TASK TO CARRY OUT —
Starting at the line that holds "KingSo バスルーム 化粧台ライト", restate every line word for word up to and including the last one in the listing below, and omit all pictures.

SUPPLIED MATERIAL —

- - -

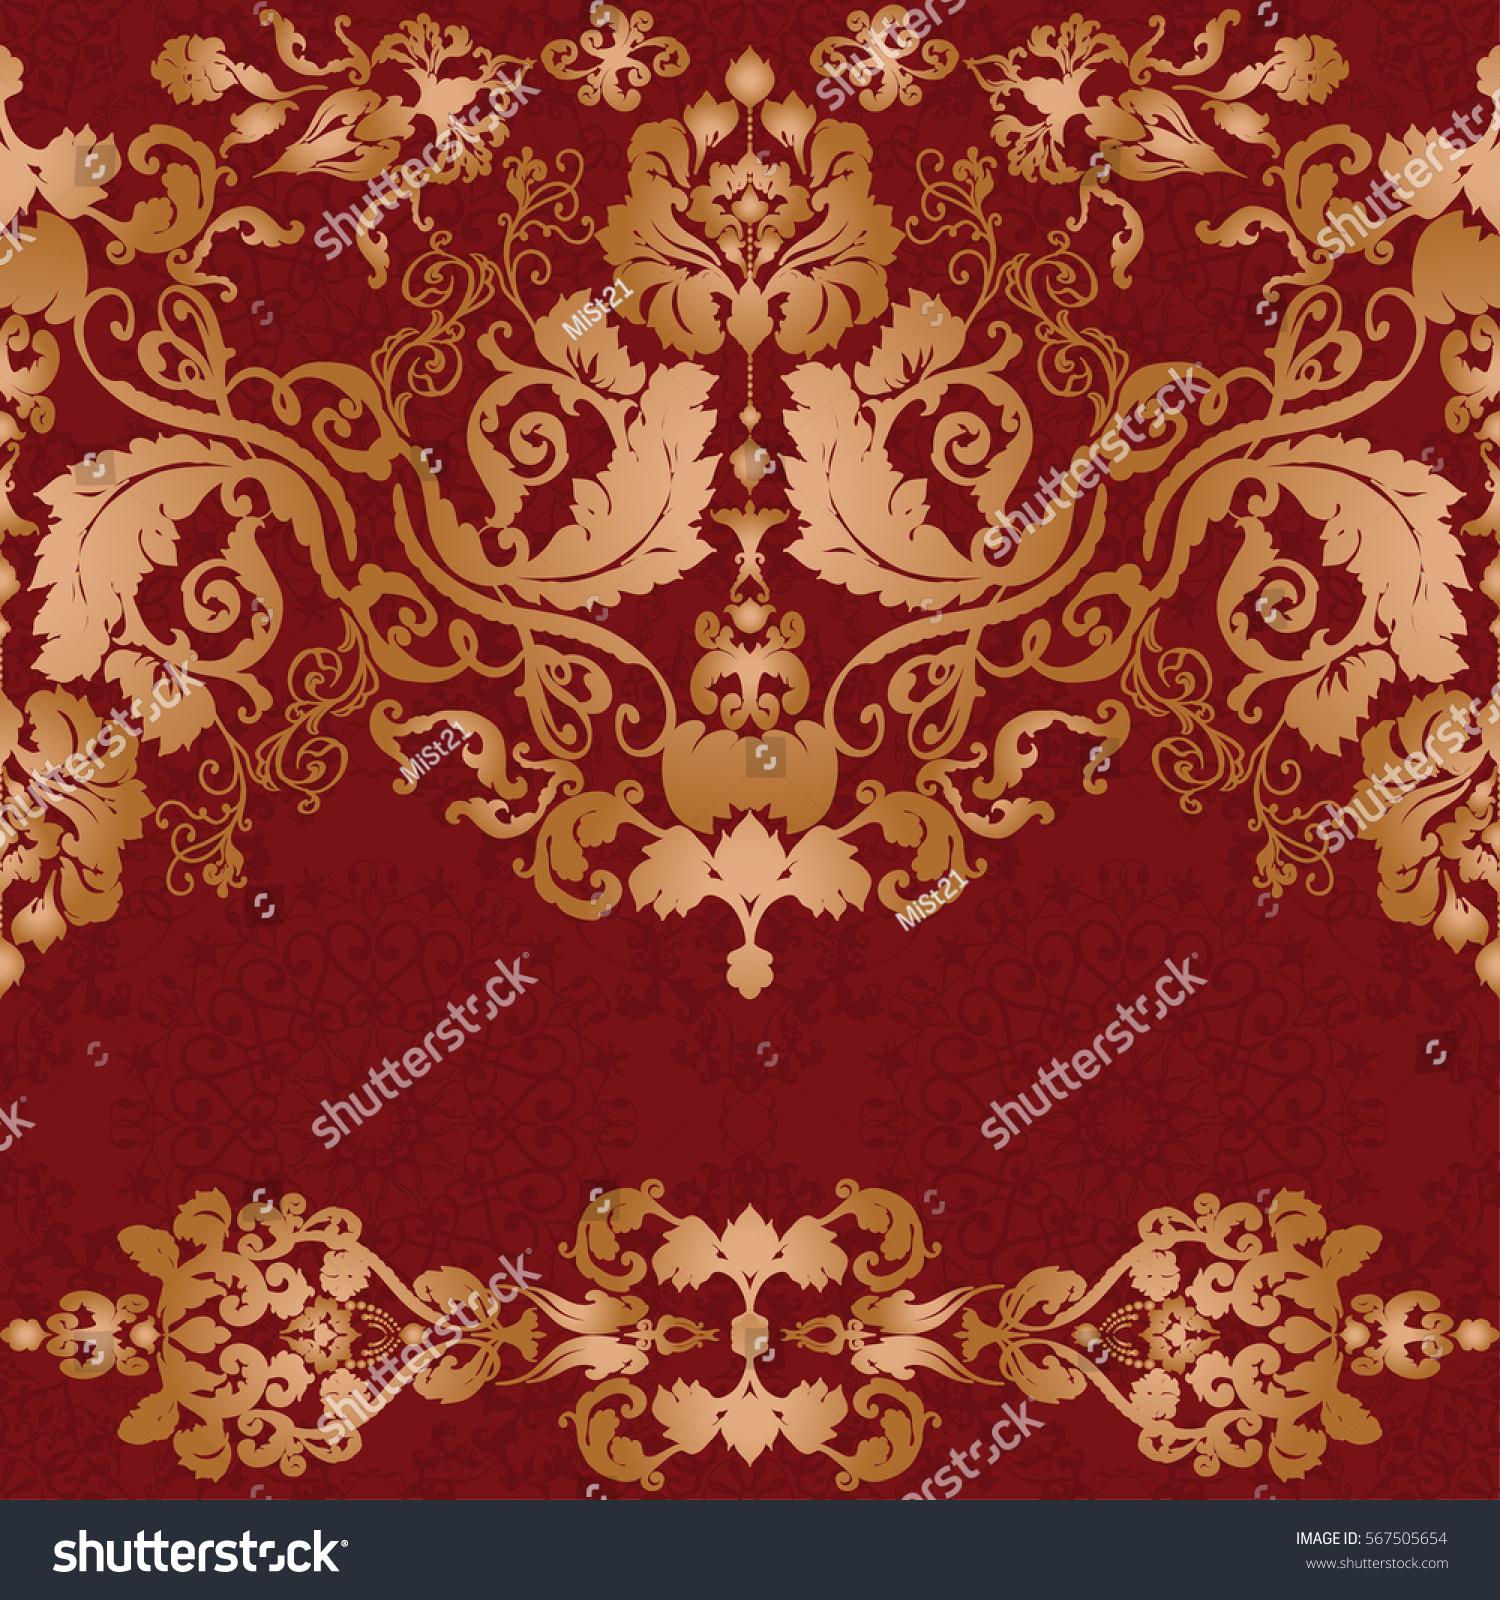 Vector Illustration Cards Wedding Invitations Stock Vector (Royalty ...
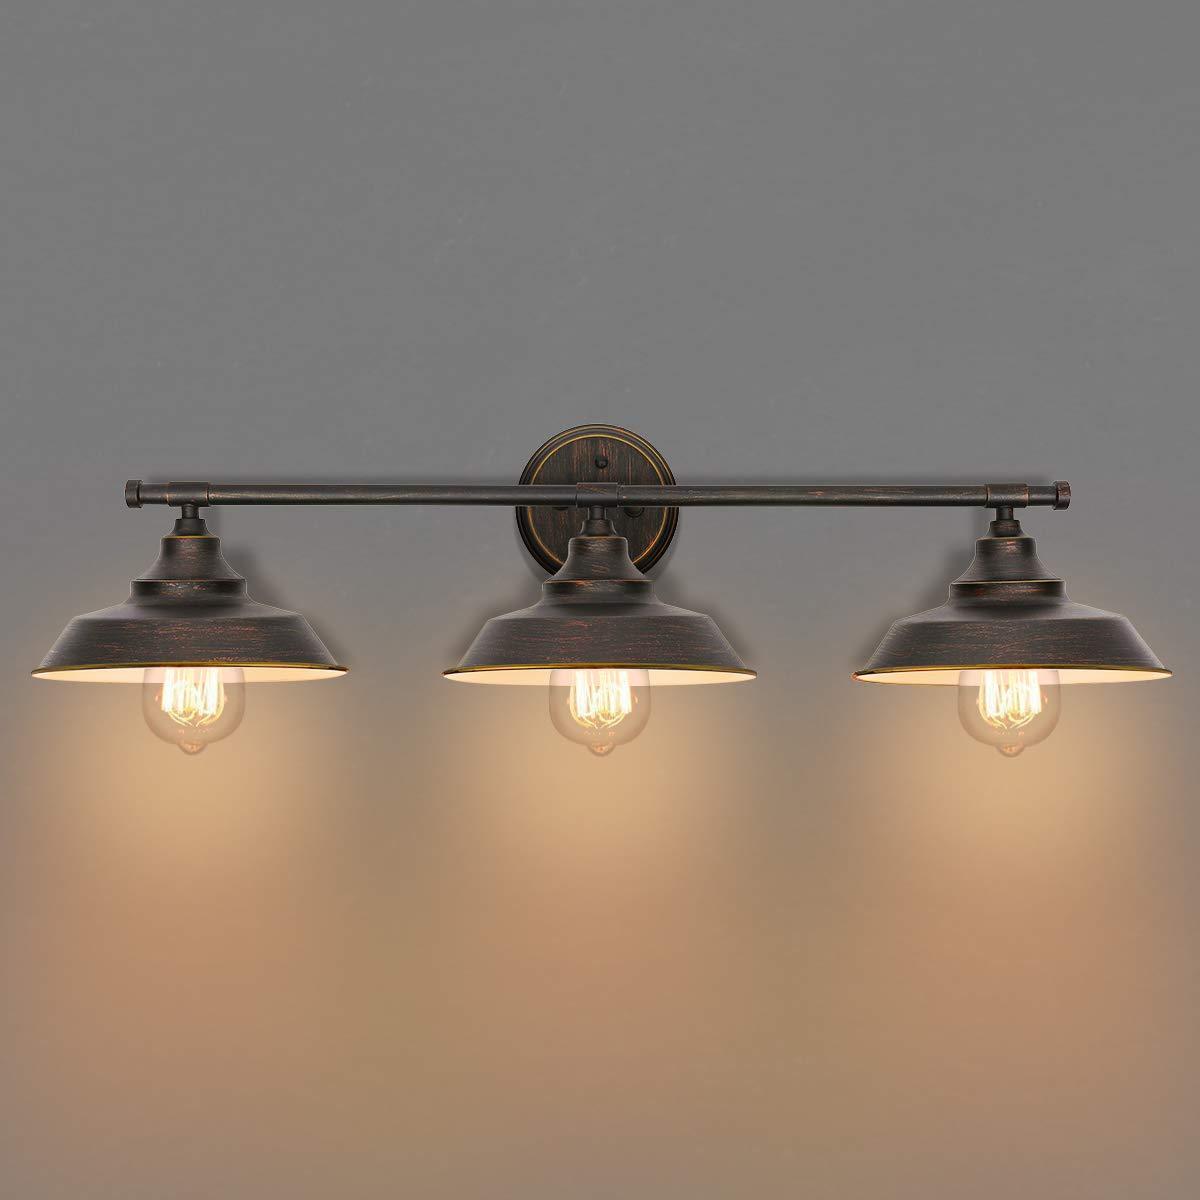 KingSo バスルーム 化粧台ライト 3ライト 壁取り付け用燭台 インダストリアル 屋内 壁取り付け ランプ シェード バスルーム キッチン リビングルーム ワークショップ カフェ B07GVH17DG
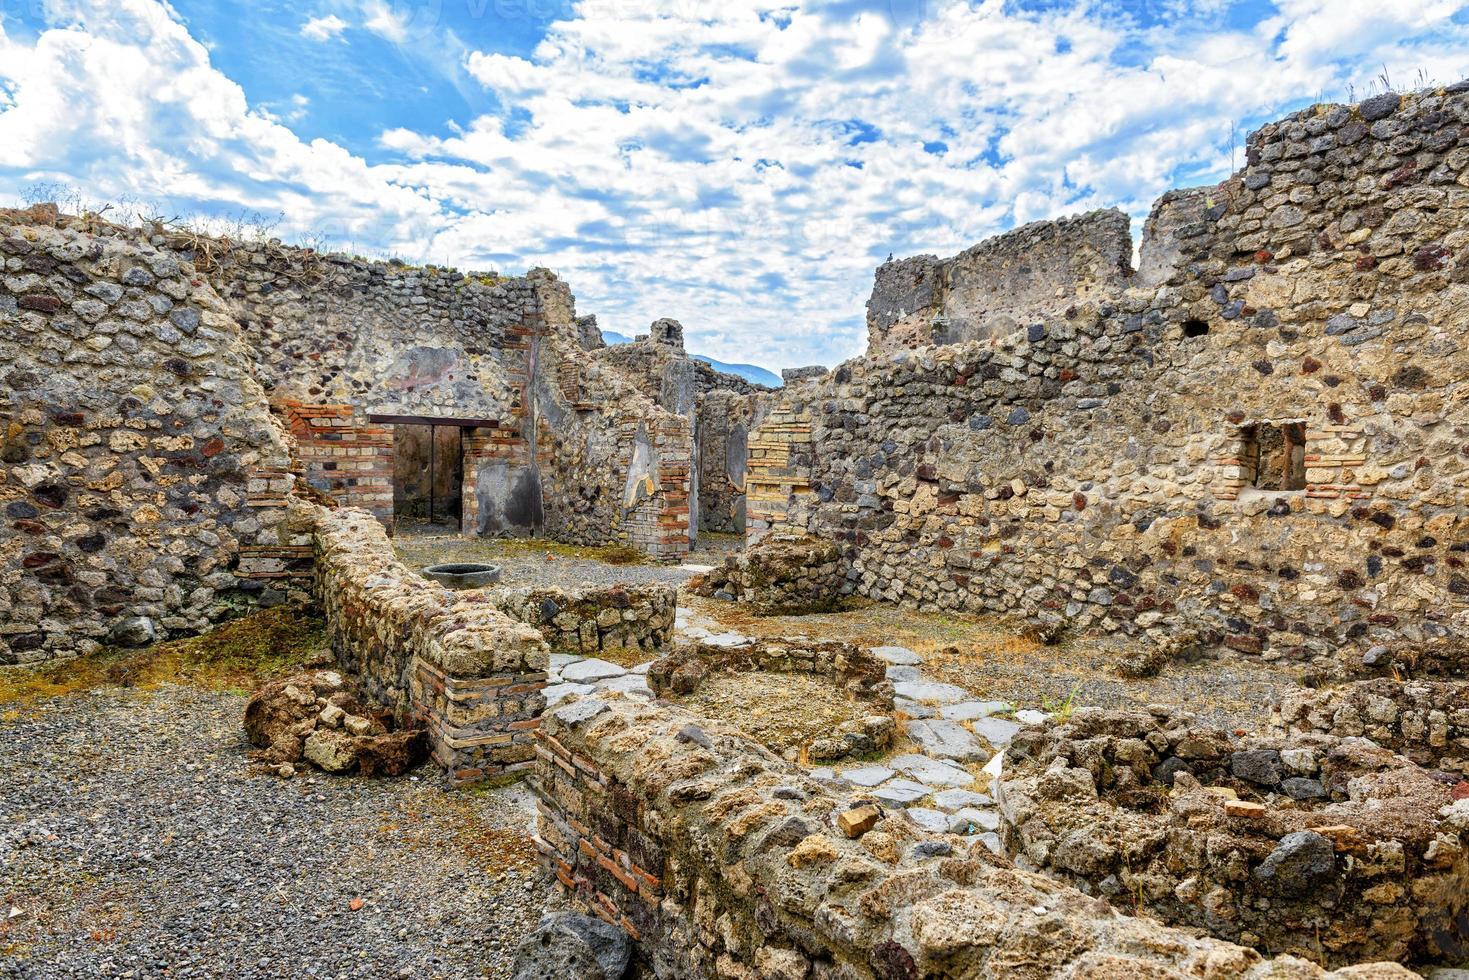 rovine di una casa a Pompei, Italia foto

- - -

RESULT —
 KingSo バスルーム 化粧台ライト 3ライト 壁取り付け用燭台 インダストリアル 屋内 壁取り付け ランプ シェード バスルーム キッチン リビングルーム ワークショップ カフェ B07GVH17DG
 rovine di una casa a Pompei, Italia foto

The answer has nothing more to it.